We can do the same thing in Scala using refinements:

 val nat : Nat { type T = Int } = new {
...


Great, right? Well, almost. The problem is that structural types are still a bit buggy in Scala compiler at present. So, while the above typechecks, you can't quite use it yet:

 scala> nat.s(nat.z)
java.lang.NoSuchMethodException: $anon$1.s(java.lang.Object)
at java.lang.Class.getMethod(Class.java:1581)
at .reflMethod$Method1(<console>:7) at .<init>(<console>:7) at .<clinit>(<console>) at RequestResult$.<init>(<console>:3)
at RequestResult$.<clinit>(<console>) at RequestResult$result(<console>)
at sun.reflect.NativeMethodAccessorImpl.invoke0(Native Method)
at sun.reflec...


There were some issues raised about how faithful an encoding of SML functors, and well-known extensions for higher-order functors, one can get in Scala. Indeed, off the top of my head it is not entirely clear. So I need to think more about that before I write some examples.

## Featherweight Scala lives

With everything else I've been having to deal with the past couple months, I have not made nearly as much progress on Featherweight Scala as I would have liked. Fortunately, in the past two weeks I have finally started to get back on track.
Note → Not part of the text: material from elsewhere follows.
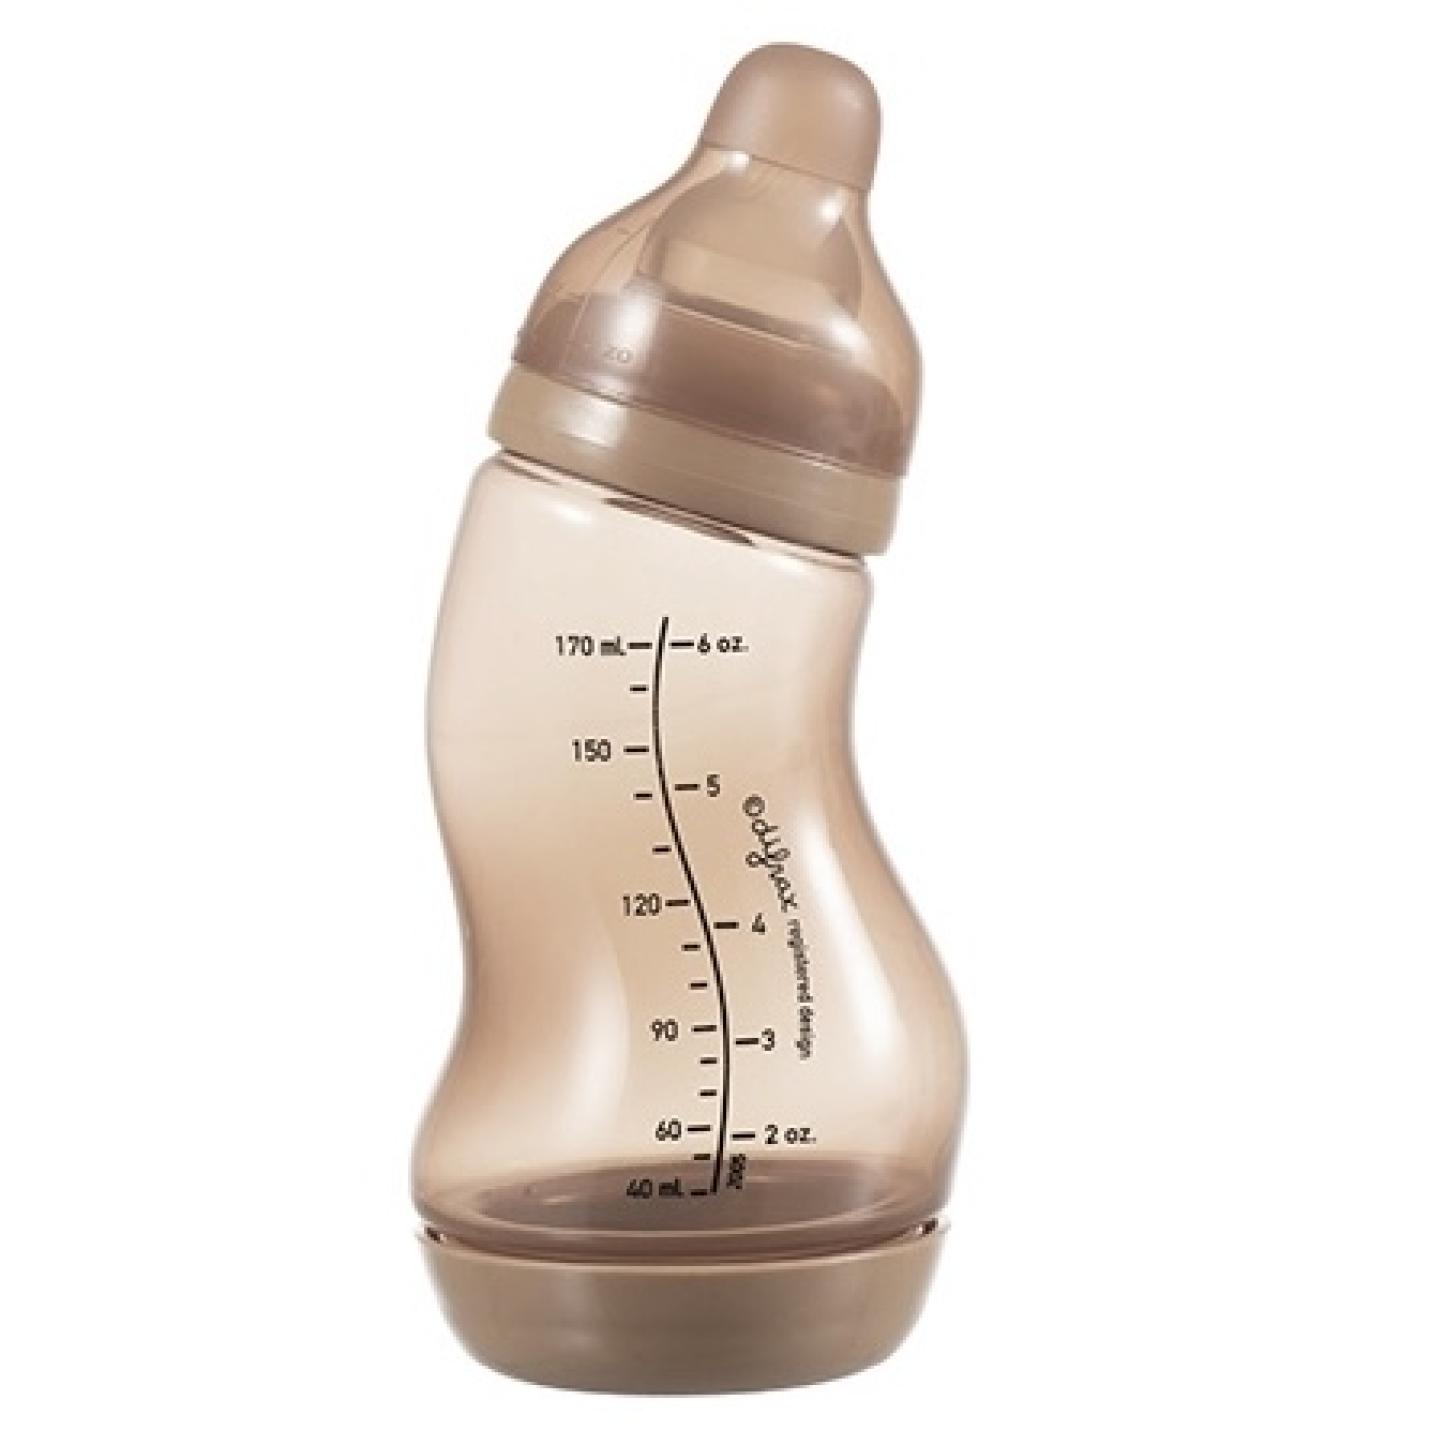 S-Fles Bruin baby fles bruin in s vorm met maatverdeling op fles en speen transparant erop schroefdop onderin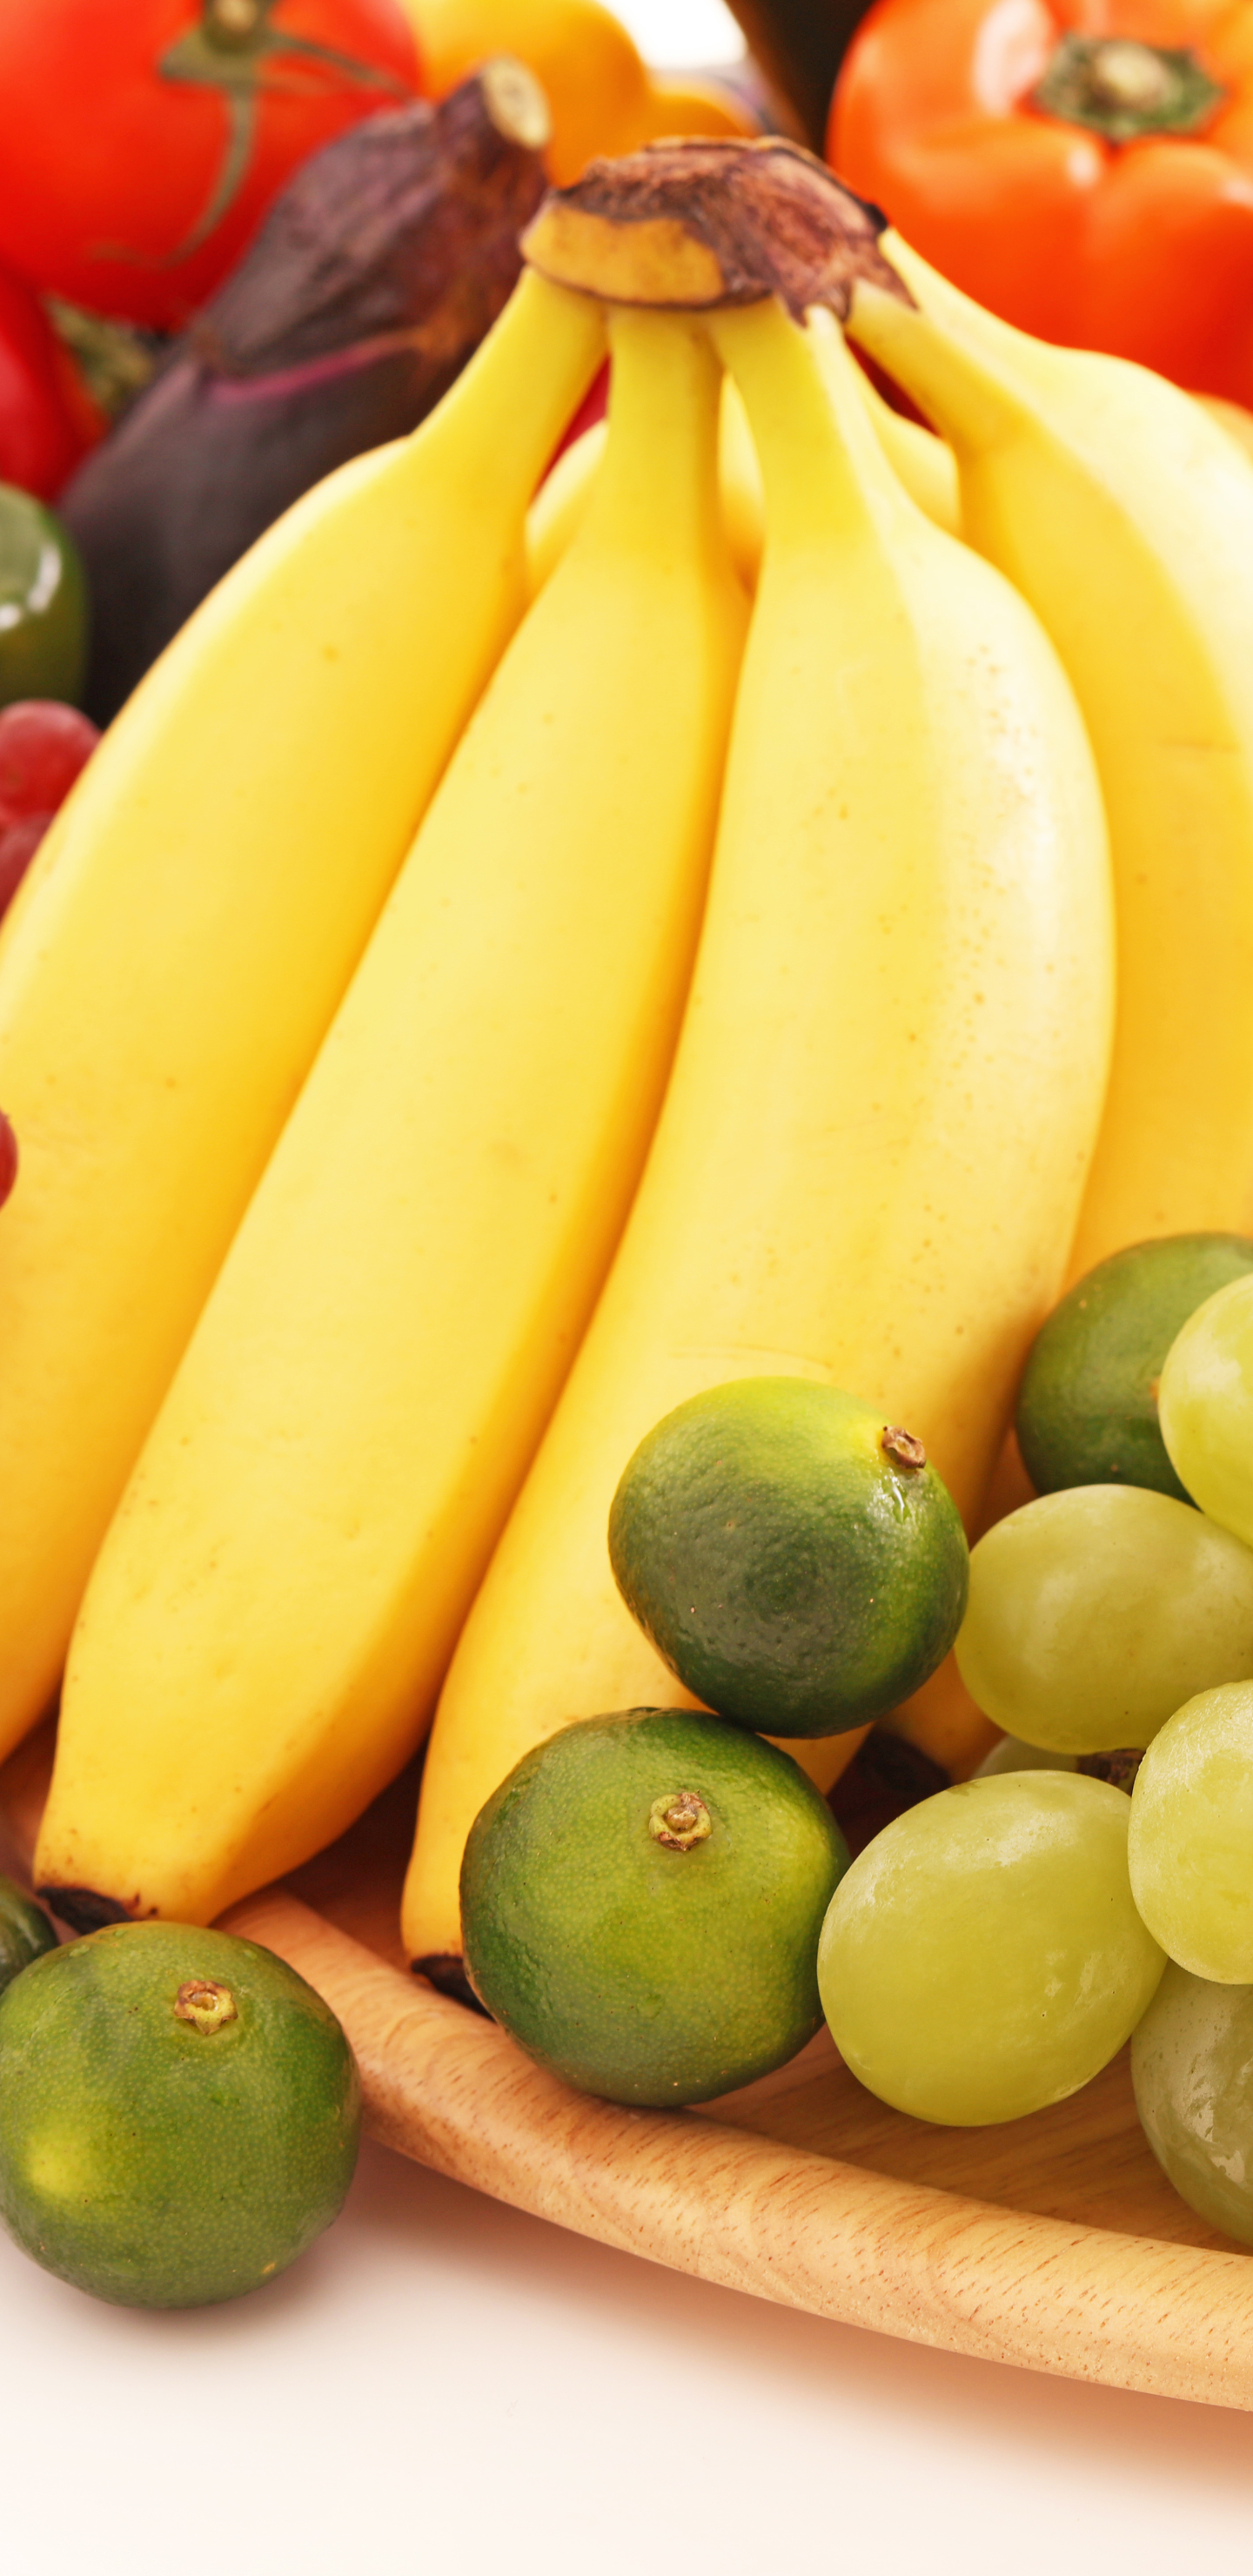 Free download wallpaper Fruits, Food, Grapes, Fruit, Banana, Vegetable, Fruits & Vegetables on your PC desktop

Probably what makes working out the design of Featherweight Scala so difficult is that I am trying my best to commit to it being a valid subset of Scala. It seems like whenever I try to simplify one part of the language, it just introduces a complication elsewhere. Still, I think so far that I have been able to ensure that it is a subset with two exceptions.

The first exception is that some programs in Featherweight Scala will diverge in cases where the Scala compiler will generate a terminating program. This is because in programs that attempt to access an uninitialized field, Scala will return null, while Featherweight Scala diverges. Since the program many never attempt to use the null value, it may simple terminate without raising a NullPointerException.

The second exception arises because type checking in Featherweight Scala's type system is most likely undecidable. Given that the design is in flux, I haven't precisely verified this, but it seems quite plausible given its expressive power is similar to languages where type checking is known to be undecidable. Because type checking is undecidable, and the Scala language implementation attempts to have its type checking phase be terminating, there should be some programs that can be shown to be well-typed in Featherweight Scala that the Scala compiler will reject.

I think the other thing I've determined is that I do not understand F-bounded quantification as well as I thought I did. At least, I find myself worried about the cases where the typing rules presently require  templates, that have not yet been verified to be well-formed, to be introduced as hypotheses while verifying their own correctness. So I need to do some additional reading to see how some other languages deal with this issue. Certainly I can put my mind at ease by making the type system more restrictive, but I do not want to be so restrictive that it is no longer reasonable to call the language Featherweight Scala.

Update: Okay, so after looking at Featherweight Generic Java and νObj again more closely, they both do essentially the same kind of thing. In FGJ, the class table is well-formed if all its classes are well-formed, but checking a class's well-formedness may require presupposing that that class tale is well-formed. In νObj, the well-formedness of recursive record types is checked under the assumption that the record's self-name has the type of the record. Certainly the same sort of things come up when verifying the well-formedness of recursive functions and recursive types, but at least there what is being assumed is at a higher level of abstraction: when checking a recursive function you assume that the function has some well-formed type, or when checking a recursive type you assume that the type has some well-formed kind.